● **AVAILABLE DATA**

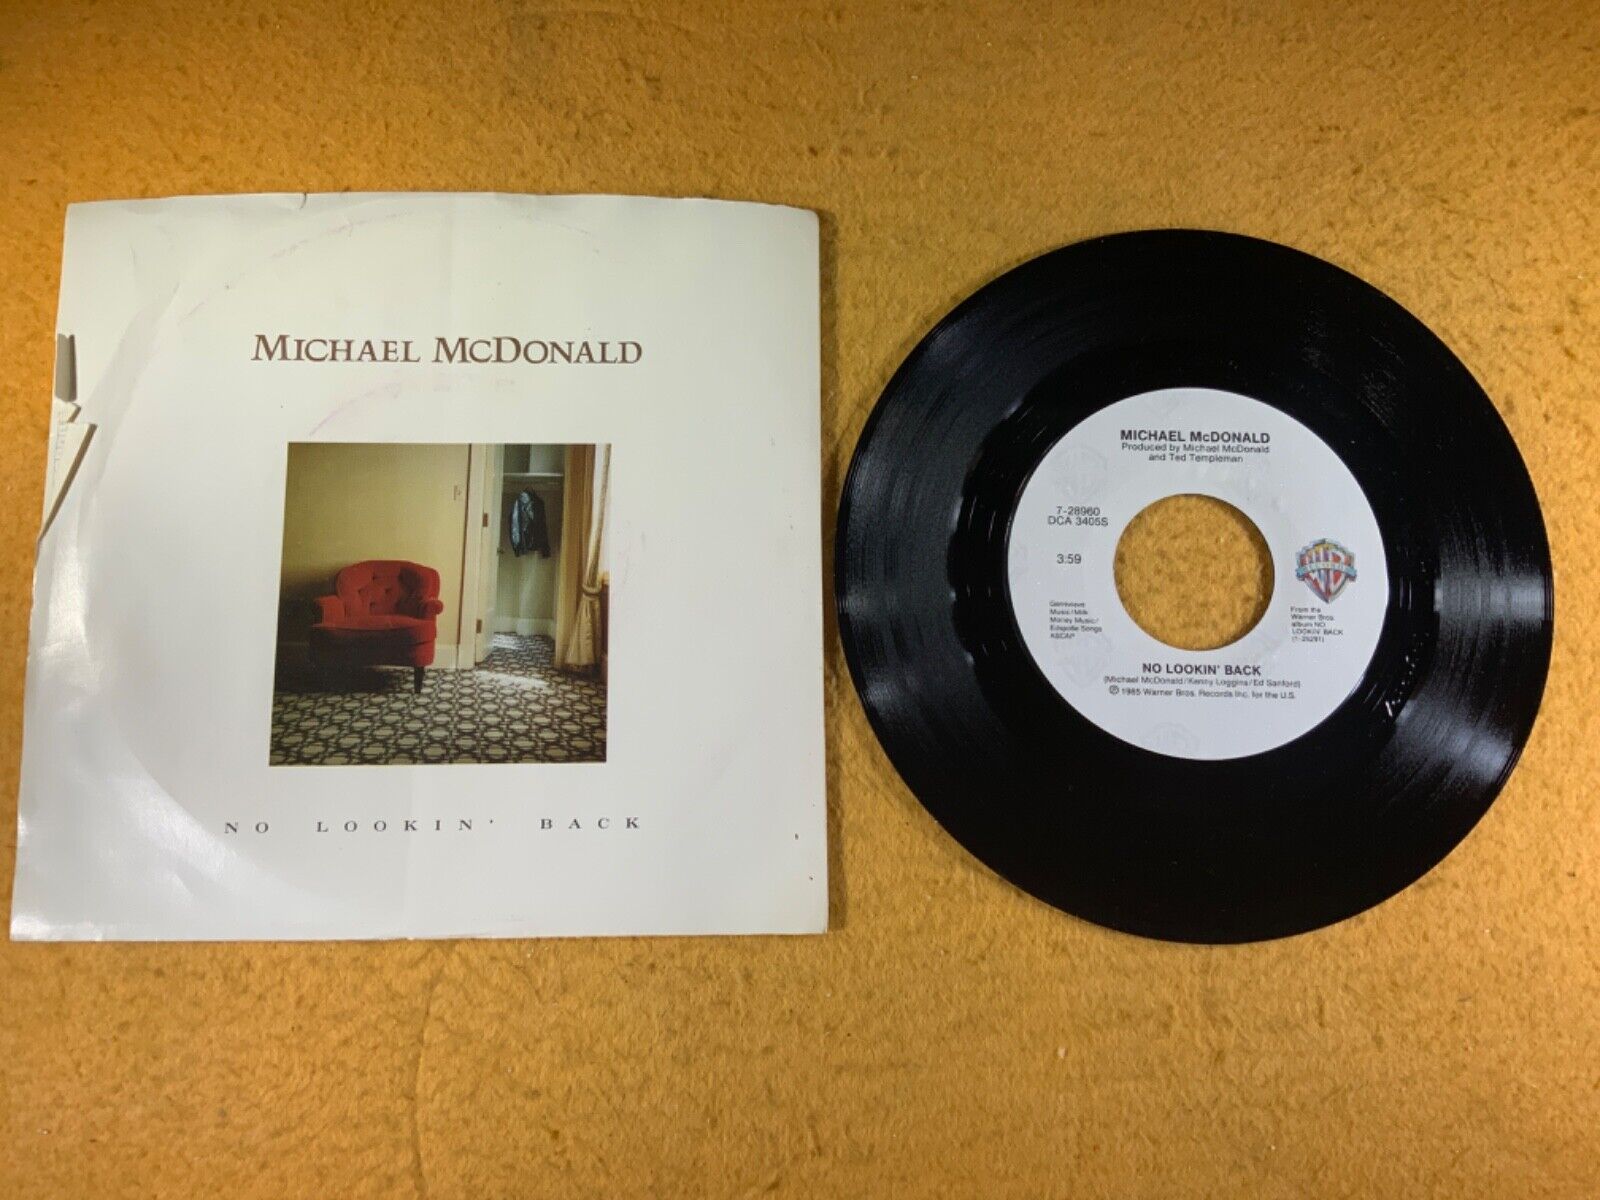 Z4-1 MICHAEL McDONALD No Looking Back / Don’t Let Me Down - 1985 - 7-28960 
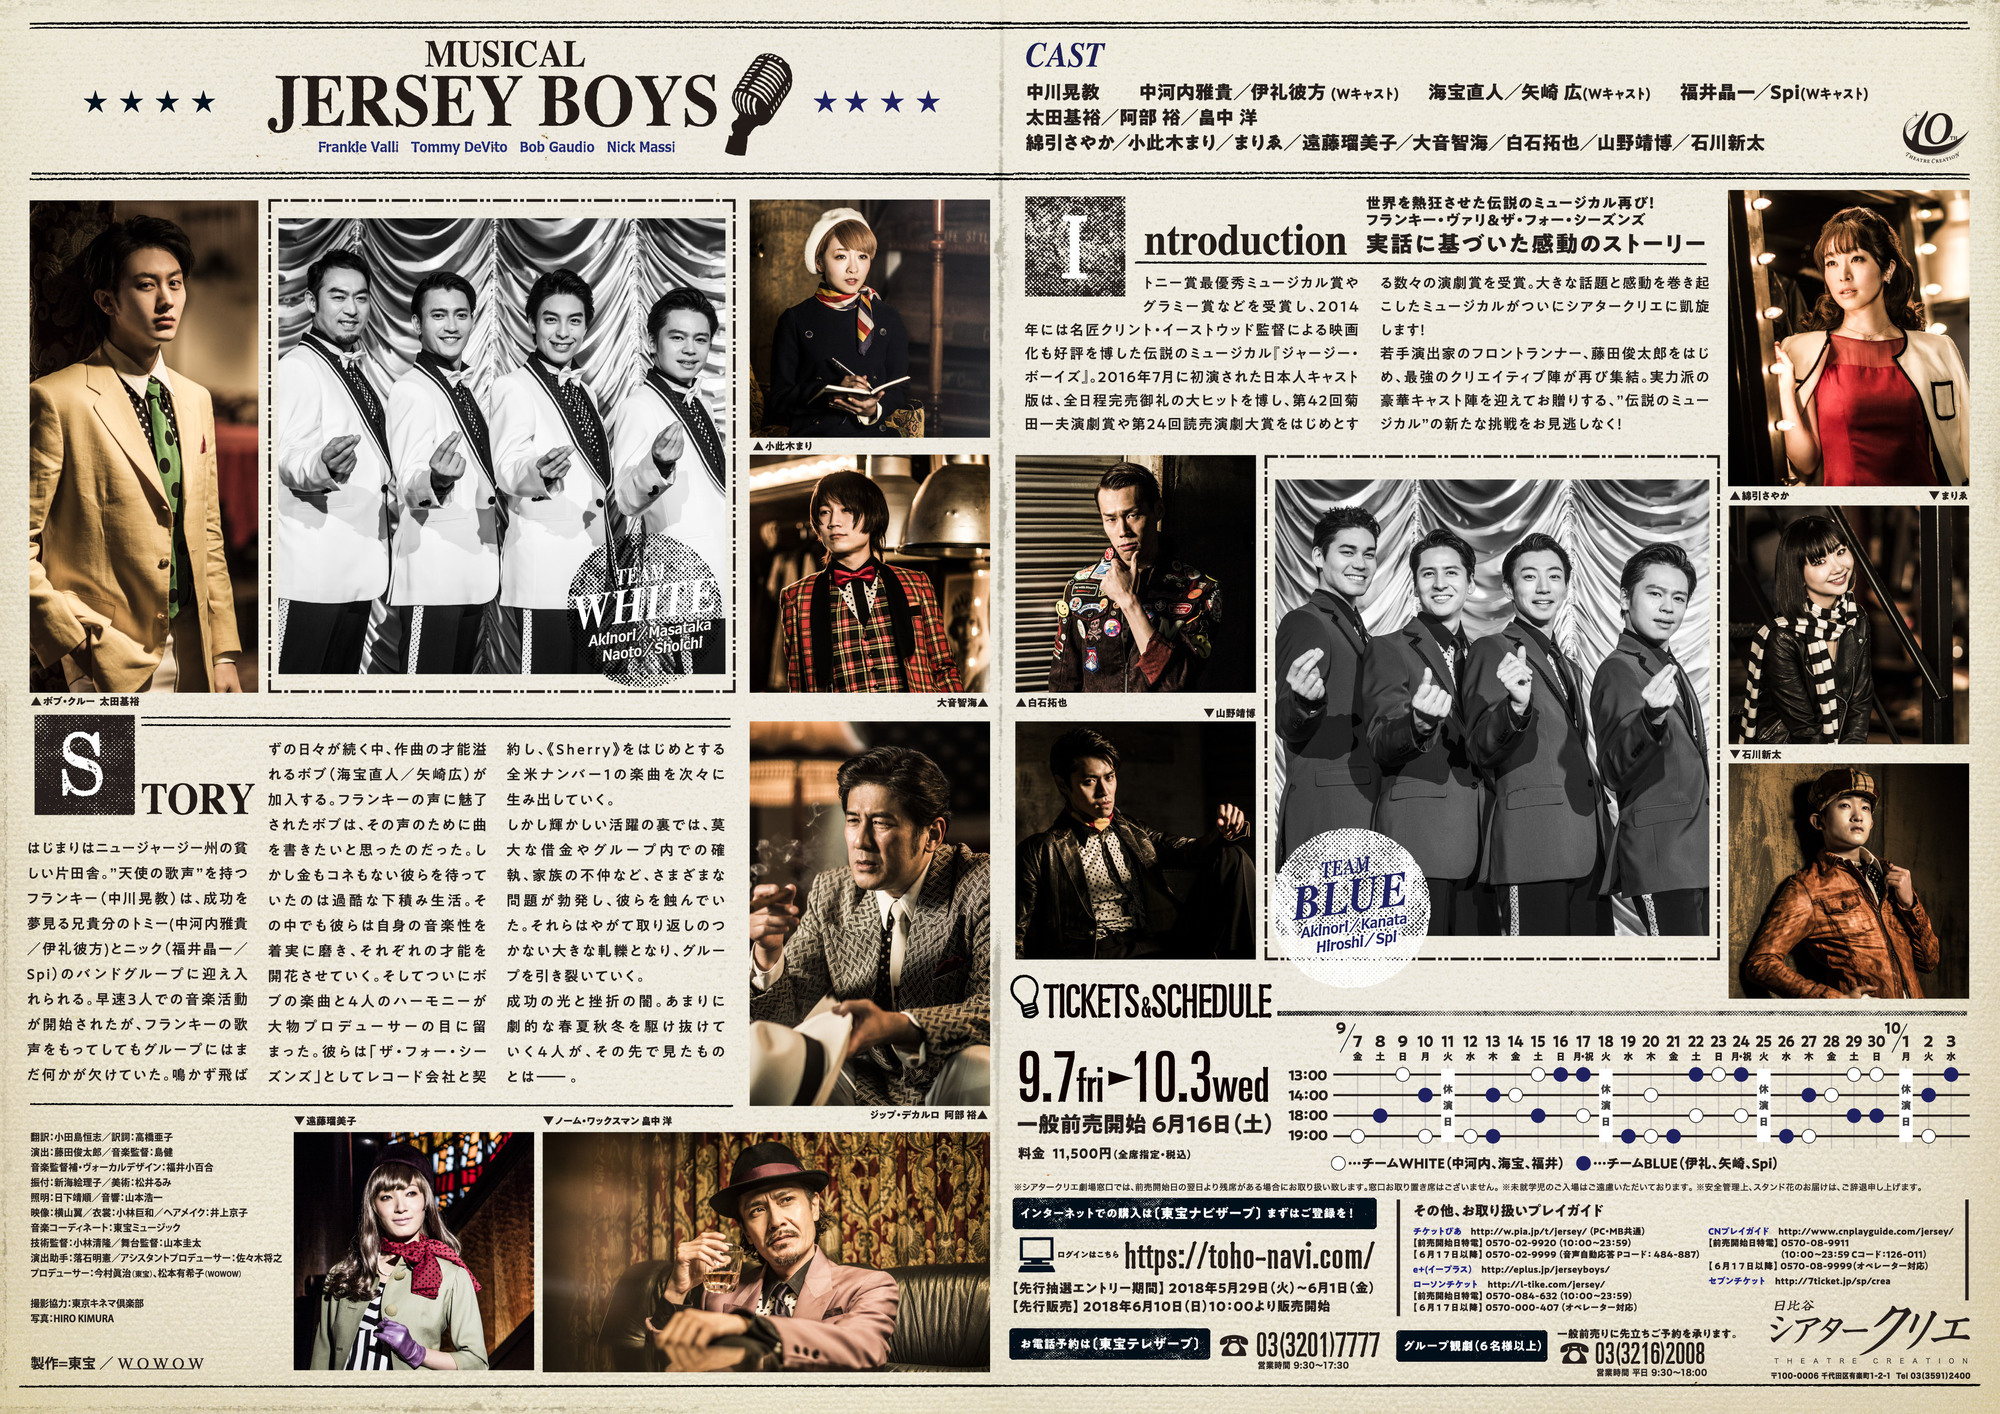 KL-ticket】『ジャージー・ボーイズ』東京・全国公演チケット先行 | 伊礼彼方 Official Site
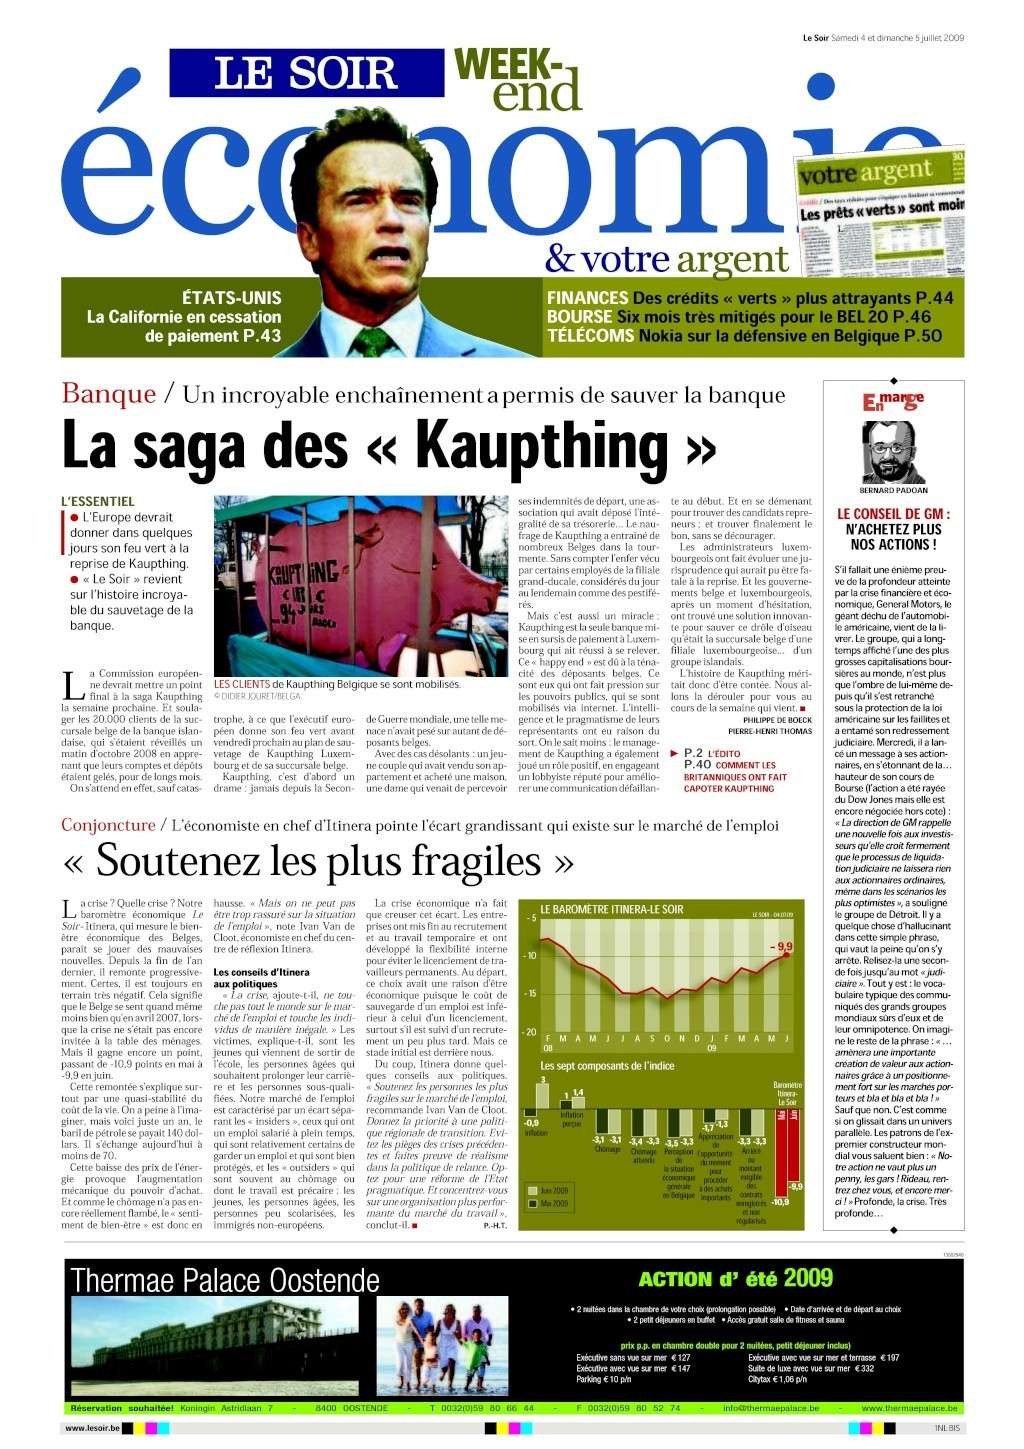 04/07/2009 Le Soir - La saga des "Kaupthing" Saga_l13
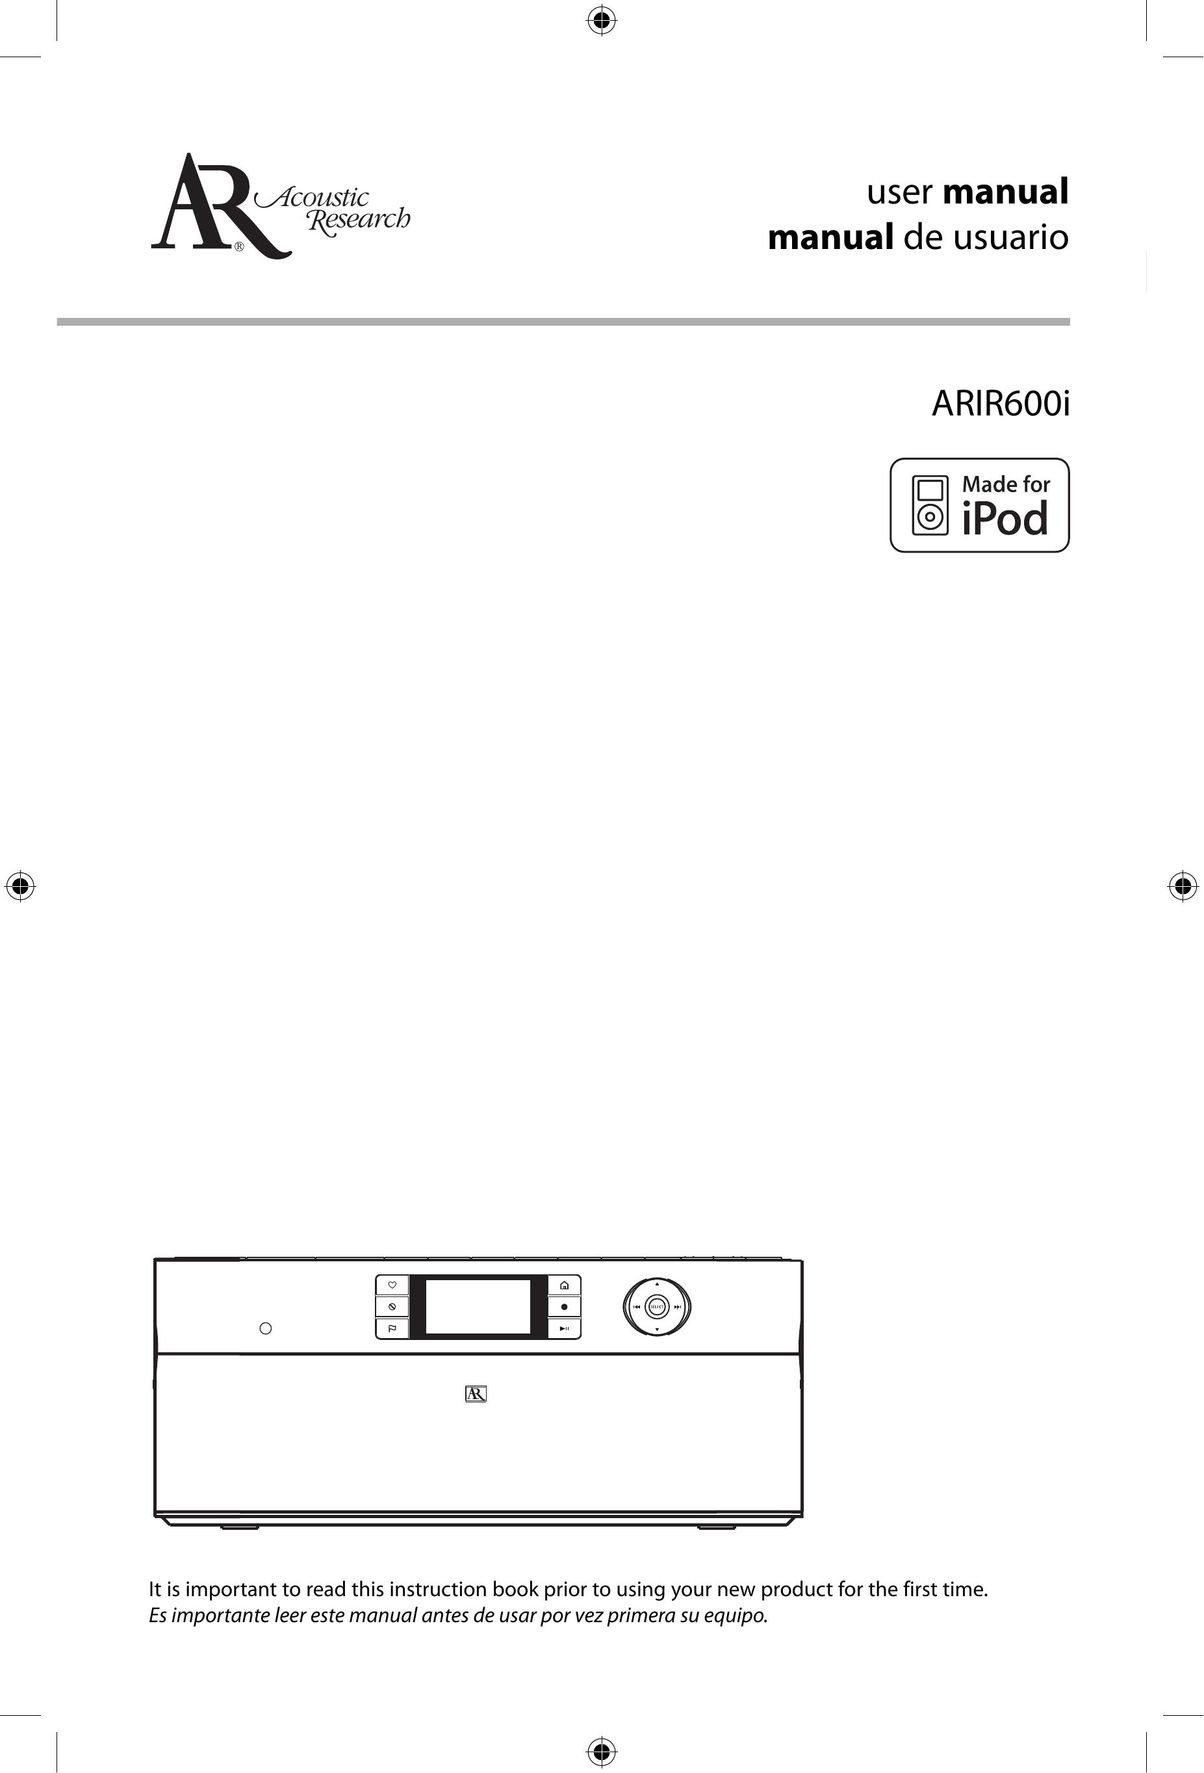 Acoustic Research ARIR600i Radio User Manual

● **WHAT TO WORK ON**
The whole listing must be restated word for word. Leave out any pictures.

● **REPLY**
 Z4-1 MICHAEL McDONALD No Looking Back / Don’t Let Me Down - 1985 - 7-28960 
 KL-ticket】『ジャージー・ボーイズ』東京・全国公演チケット先行 | 伊礼彼方 Official Site
 04/07/2009 Le Soir - La saga des "Kaupthing" Saga_l13
 Acoustic Research ARIR600i Radio User Manual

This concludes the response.